Score:0

Moving Ubuntu from old HDD to SDD revisited

me flag

I am trying to do what was asked - and apparently solved - in a question from about 10 years ago:

How to move ubuntu to an ssd

I want to move an existing, working Ubuntu 20.04 install across to a new SSD and not use the old HDD following the move.

I created a partition on the new SSD using gparted, and booted from a Live DVD as suggested in the top answer in the thread above.

However, when I attempt to mount the new drives (which show up as sda and sdb when I type lsblk at the terminal prompt), the following occurs:

sudo mount /dev/sda

mount: /dev/sda: can't find in /etc/fstab

The same result occurred with

sudo mount /media/sda
mount: /media/sda: can't find in /etc/fstab

and if I try to mount a partition rather than the whole drive:

sudo mount /media/sda1
mount: /dev/sda1: can't find in /etc/fstab.

So, I know it's a numpty question, but what am I doing wrong?

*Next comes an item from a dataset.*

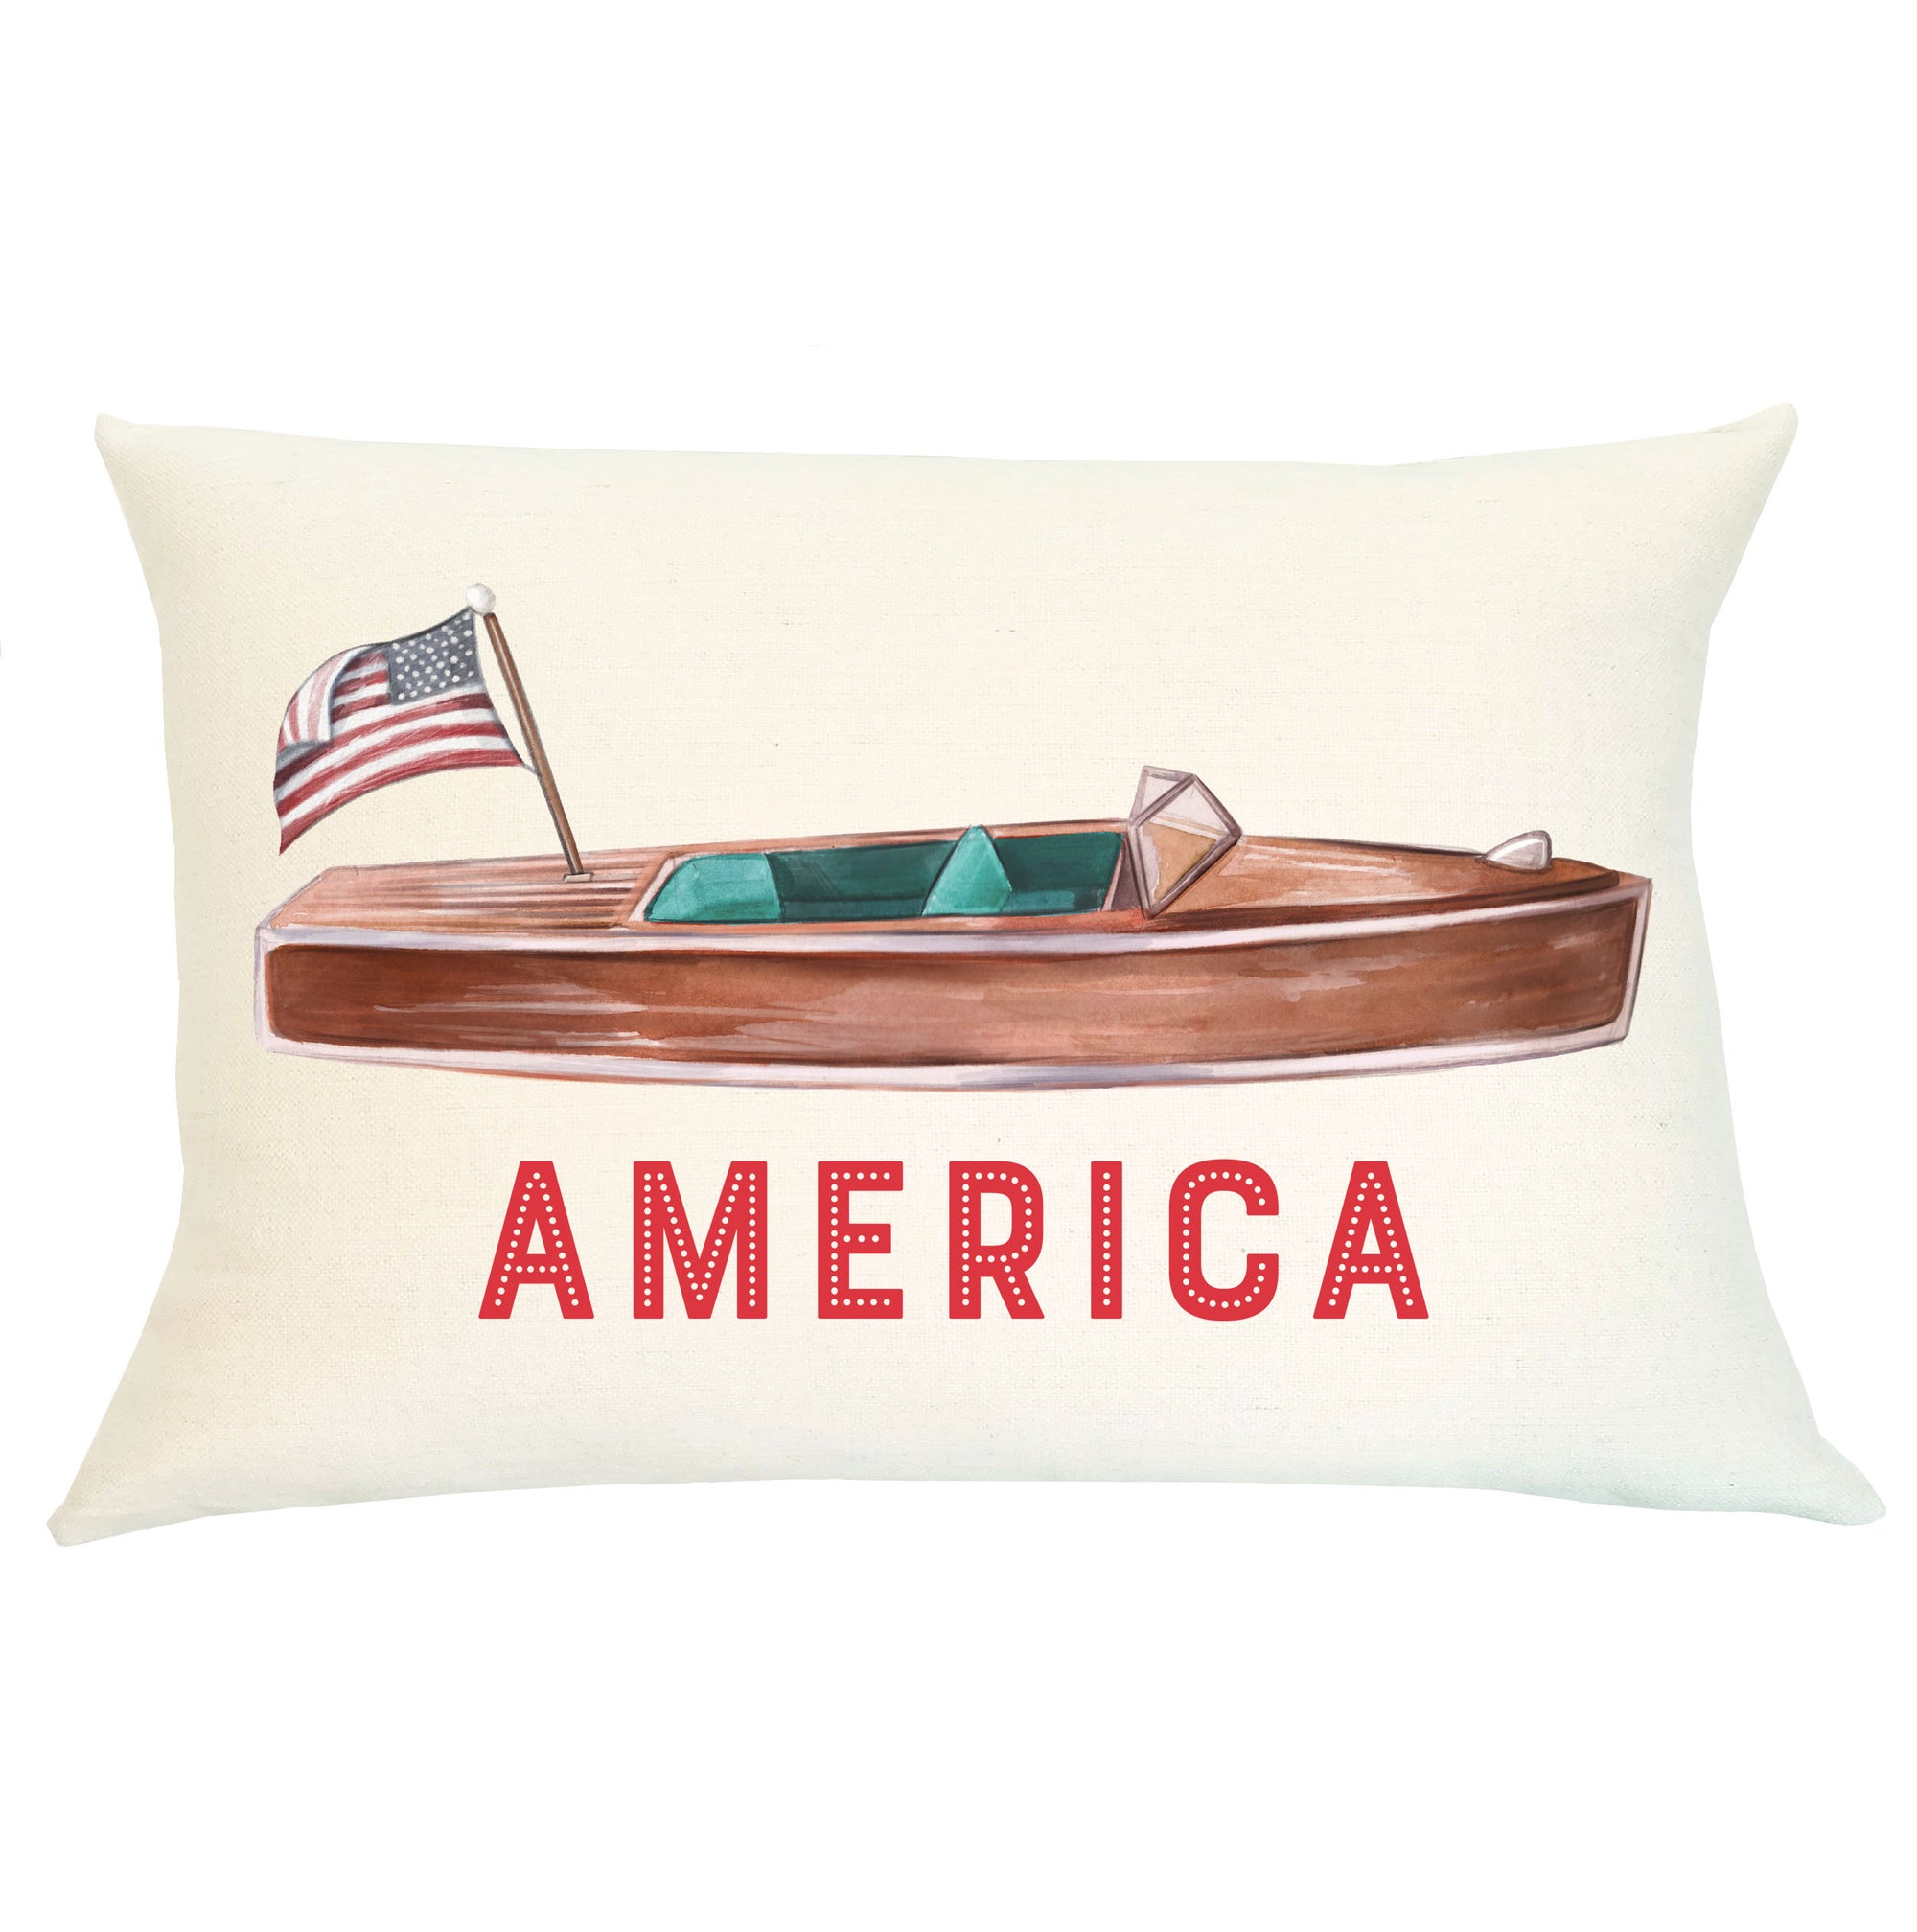 Pillow Lumbar - Woody Boat "America" - Insert Included

In a way I'm not surprised by these error messages, because the Live DVD Ubuntu presumably doesn't know anything about the drives on the machine or their partitions in /etc/fstab, since I haven't told it. But where do I go from here?

I also tried the Nautilus based method described here how to access hard drive files from live cd but Nautilus does not show devices (as reported in one of the comments on that page).

Do I need to edit fstab? Strange that none of the 10-years-ago guys mentioned that, if it is the case.

Many thanks,

Eric Ubuntu 20.04 Dell Precision T1650

ChanganAuto avatar
us flag
Reinstalling is BY FAR the best option. Do NOT follow that old answer, it isn't applicable to new UEFI based machines.
Score:1
ca flag

Migrating Linux can be done with clonezilla. Works like a charm.

Now mount require at least two params to achieve what your are trying to do:

mount what where

if you do not tell mount "where", it goes to look at /etc/fstab to find where. So your line could be:

sudo mount /dev/sda1 /mnt

That will mount the partition at /mnt. One important thing. /dev/sda is the disk. /dev/sda(n) is the partition.

Eric_L avatar
me flag
Thank you - it was a fundamental misunderstanding on my part about how to supply arguments to mount.